Go through the data below and copy it exactly, skipping every picture.

Data extract →
────────────────
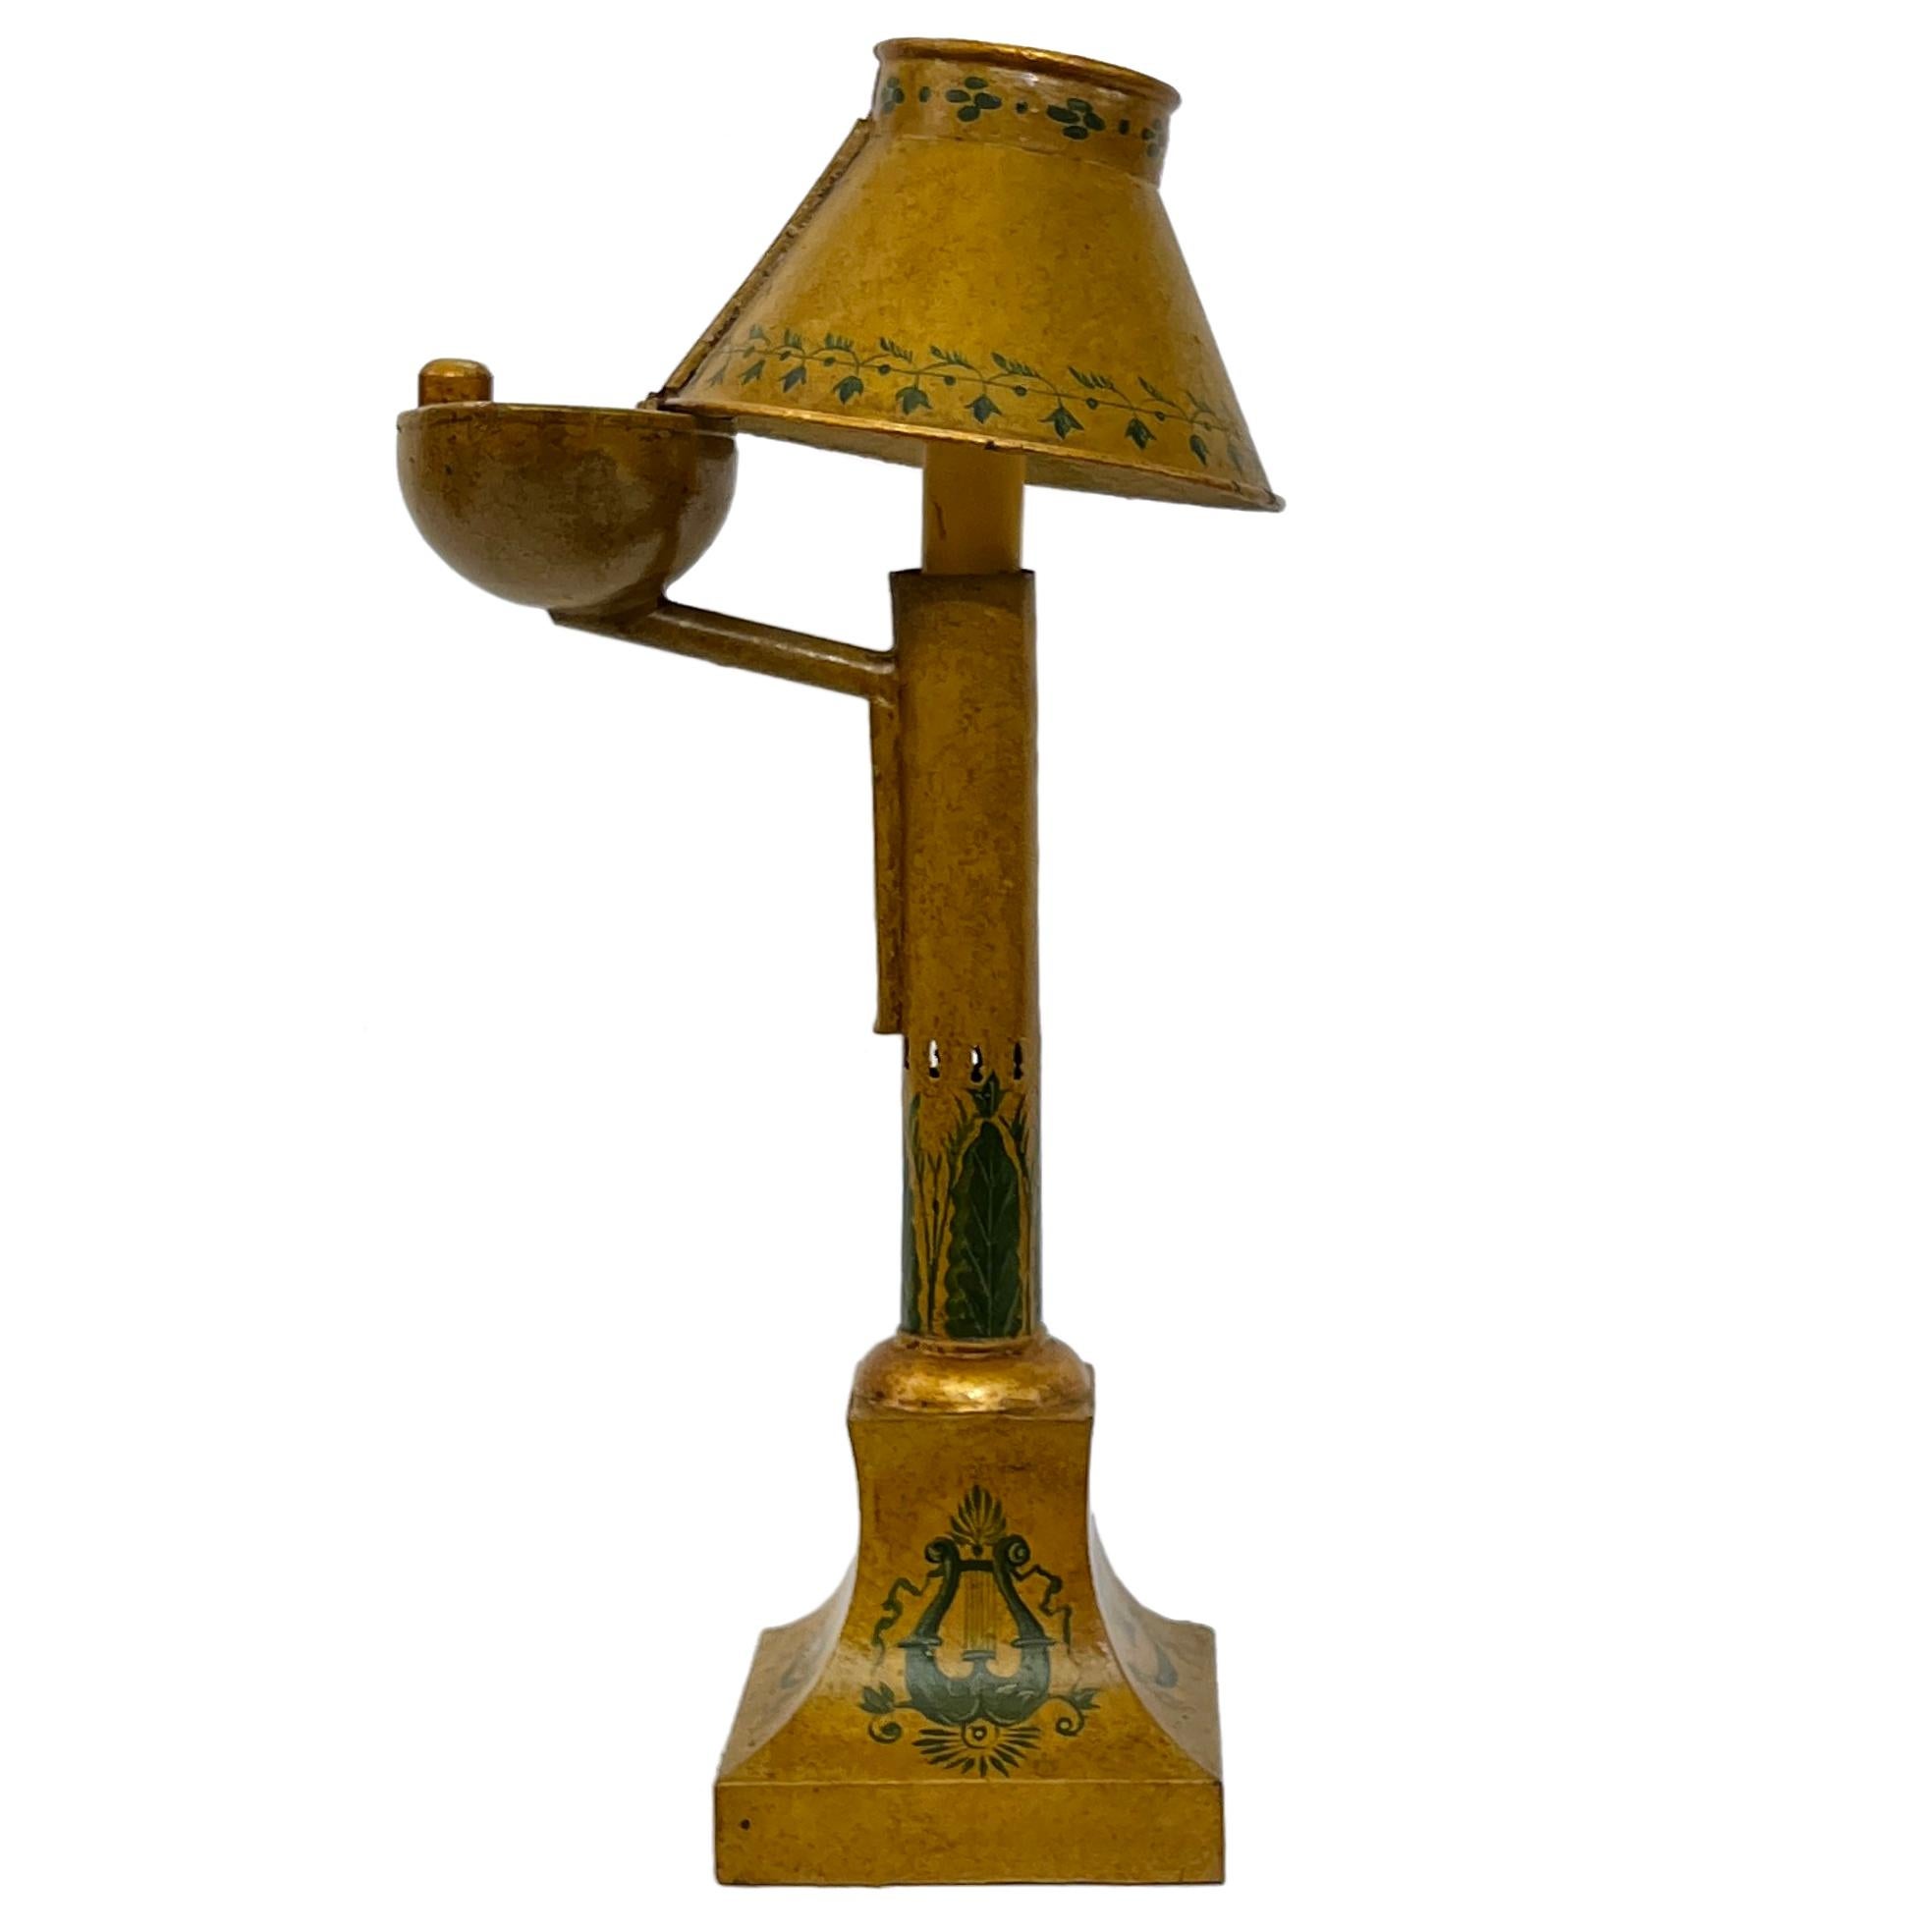 CIRCA spätes 19. Jahrhundert Französisch gemalt tole Lampe, für den elektrischen Betrieb verdrahtet.

Abmessungen:
Höhe: 14.75
────────────────
Expected output →
 CIRCA spätes 19. Jahrhundert Französisch gemalt tole Lampe, für den elektrischen Betrieb verdrahtet.

Abmessungen:
Höhe: 14.75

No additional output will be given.